§ **Available data**:
^^^^^^^^^^^^^^^^

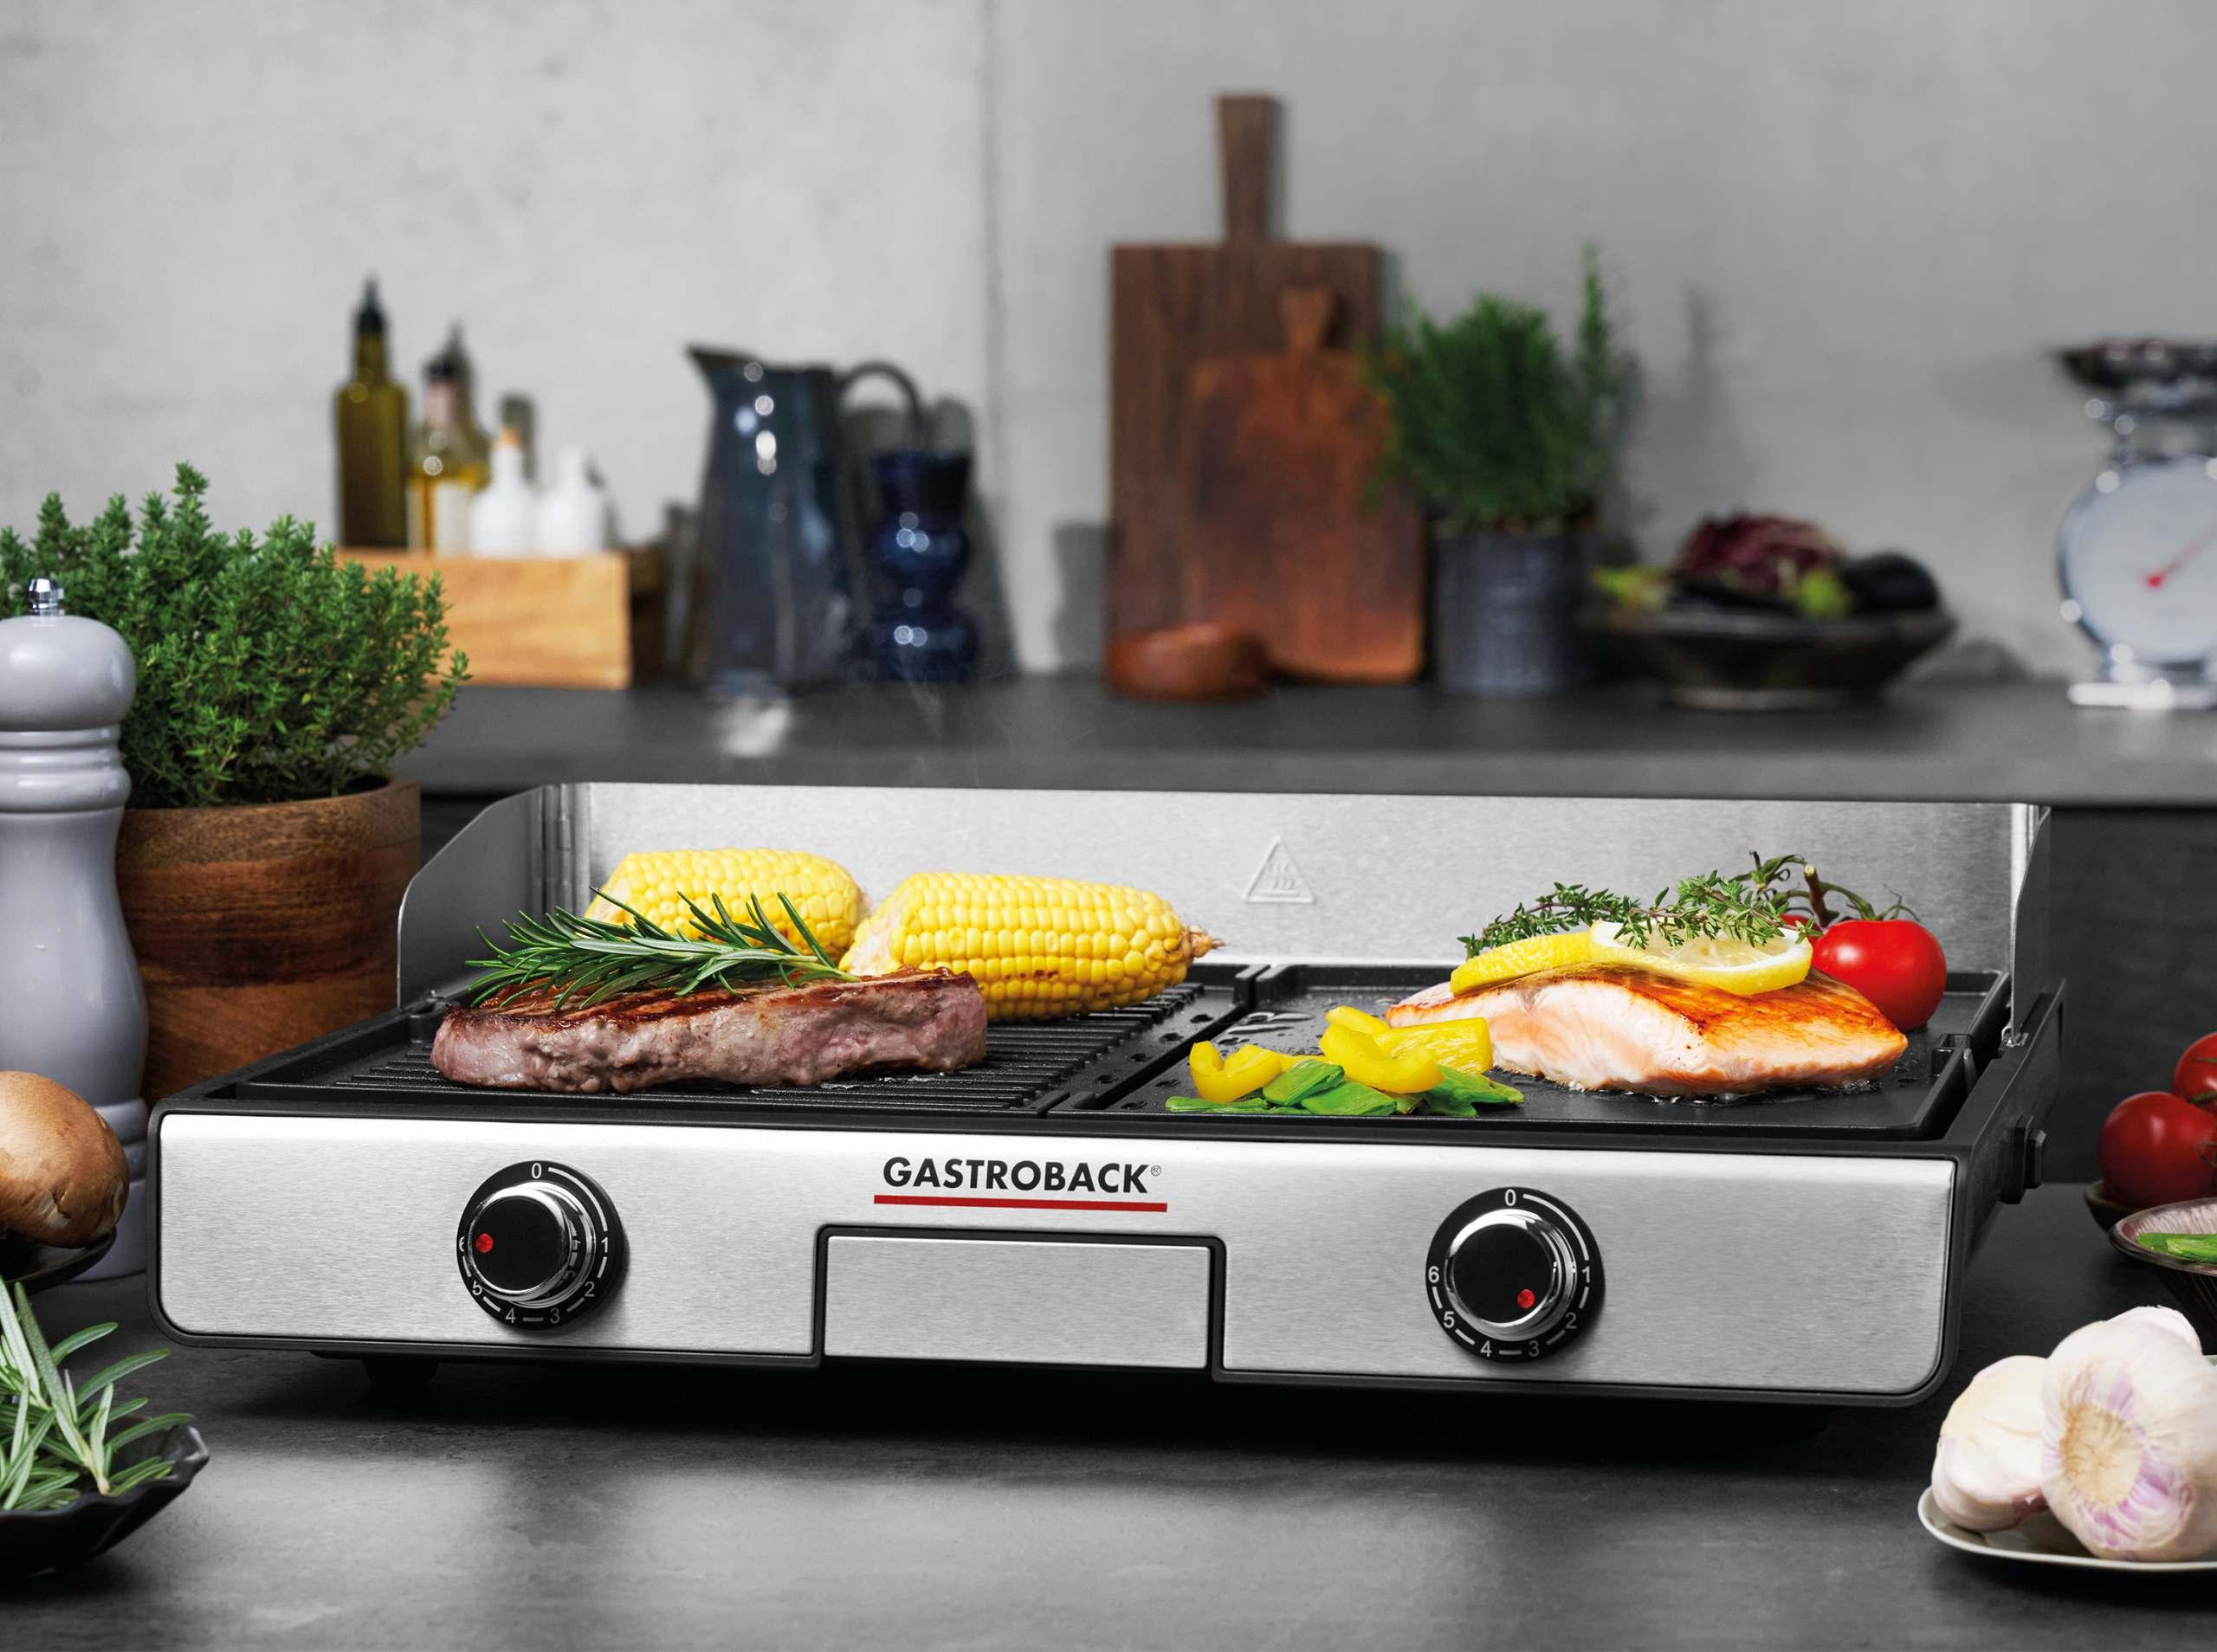 Gastroback DESIGN TISCHGRILL PLANCHA & BBQ
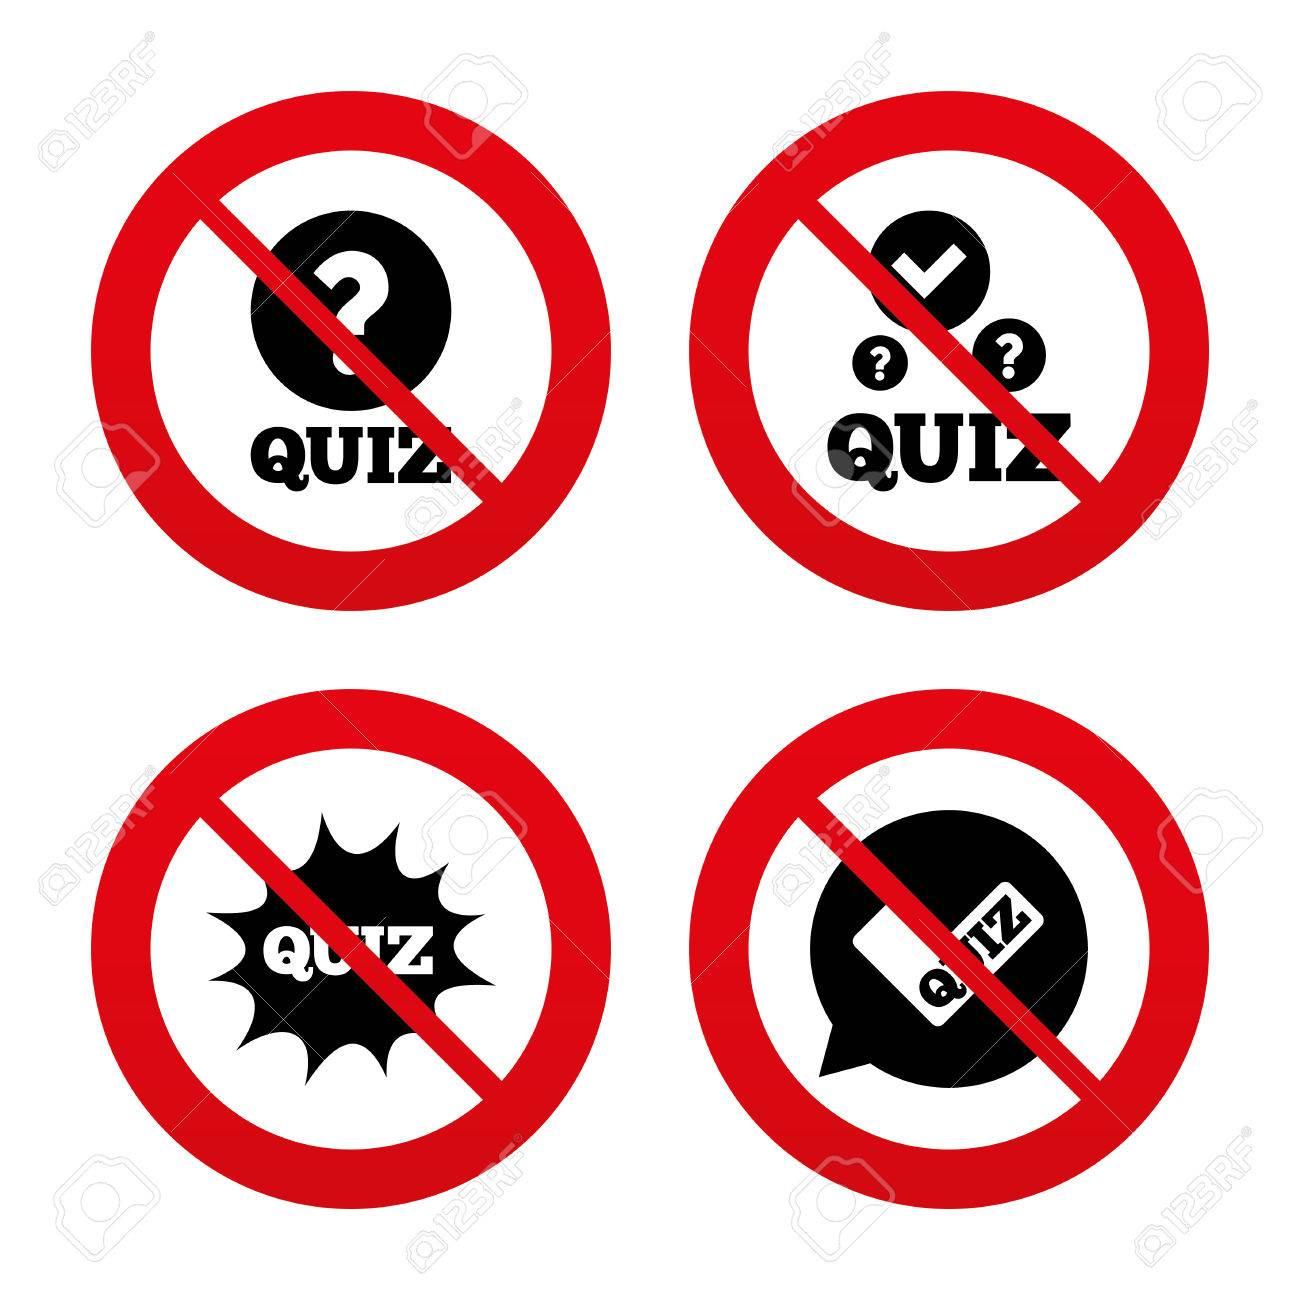 No ban or stop signs quiz icons speech bubble with check mark speech bubble with check mark symbol buycottarizona
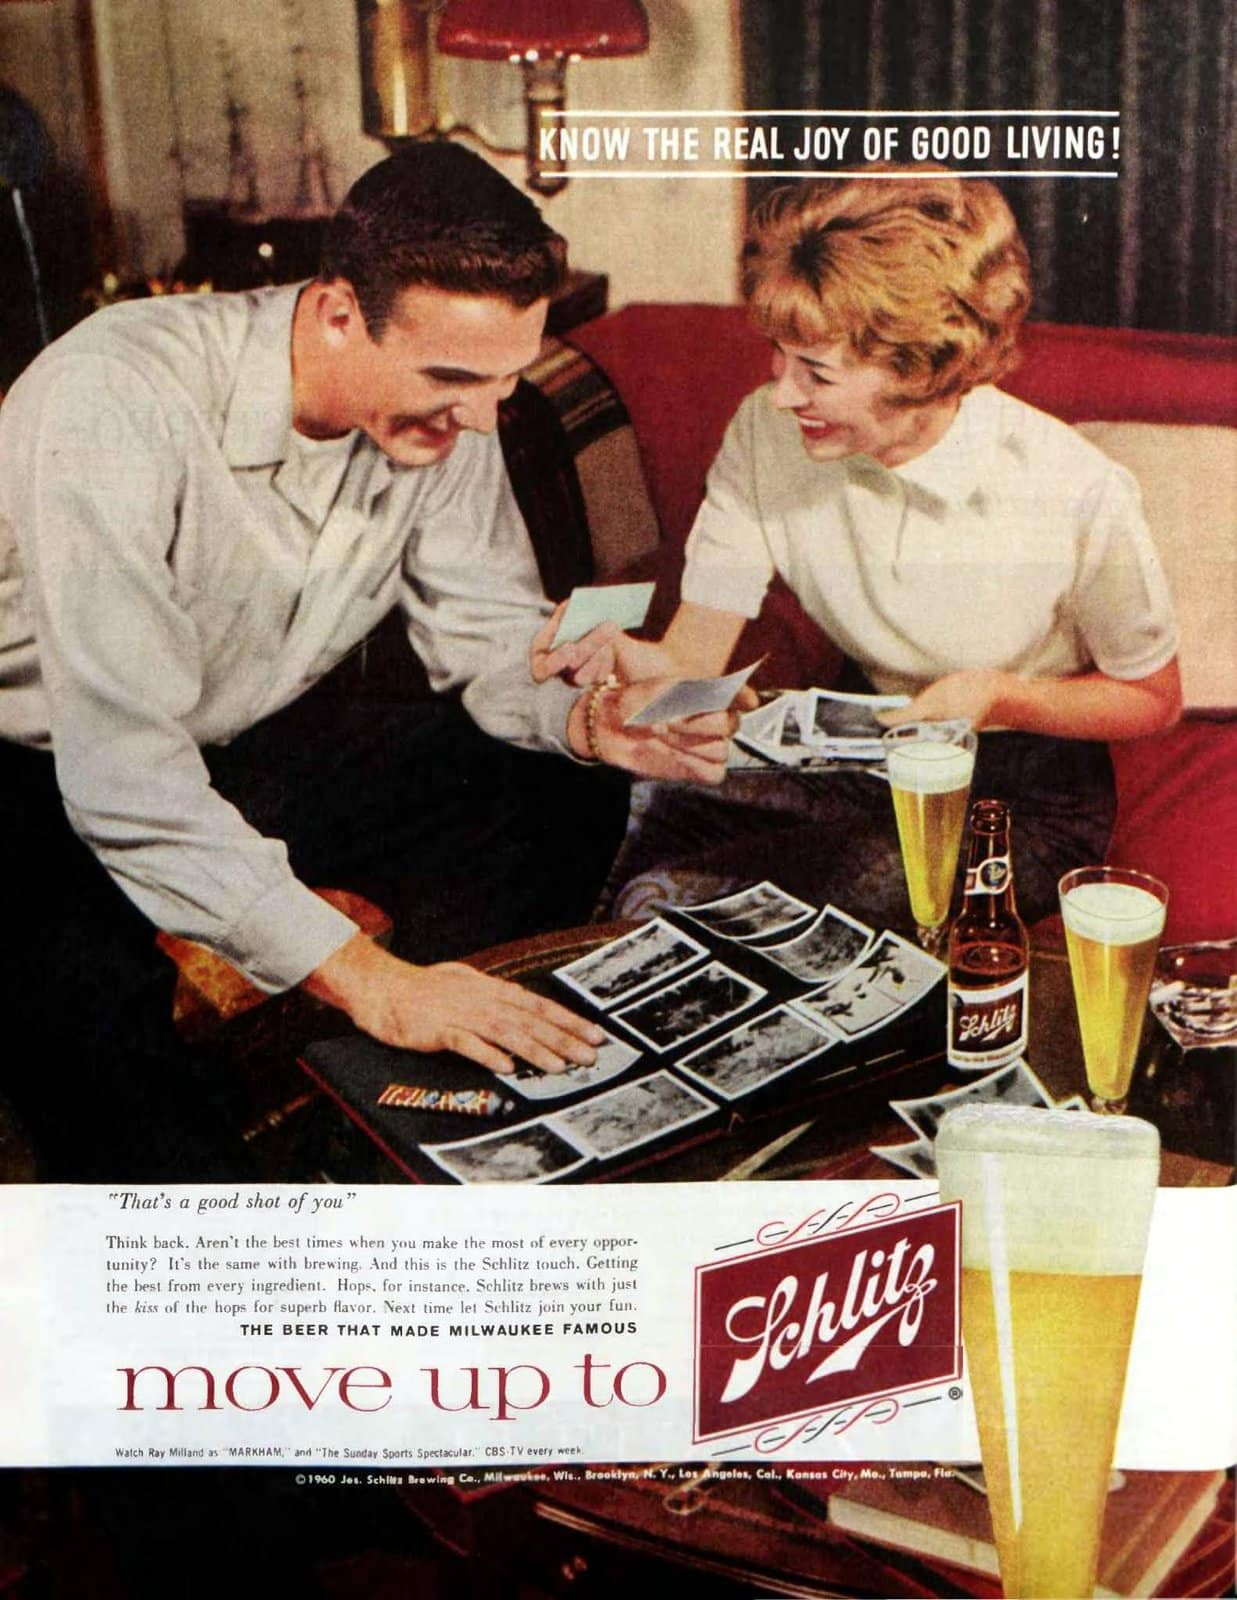 Move up to Schlitz (1960)

^^^^^^^^^^^^^^^^

§ **Activity**: Copy out exactly, without any pictures, the lines above that begin at the one with "No ban or stop" and end at the last line of the listing.

§ **Solved problem**:
 No ban or stop signs quiz icons speech bubble with check mark speech bubble with check mark symbol buycottarizona
 Move up to Schlitz (1960)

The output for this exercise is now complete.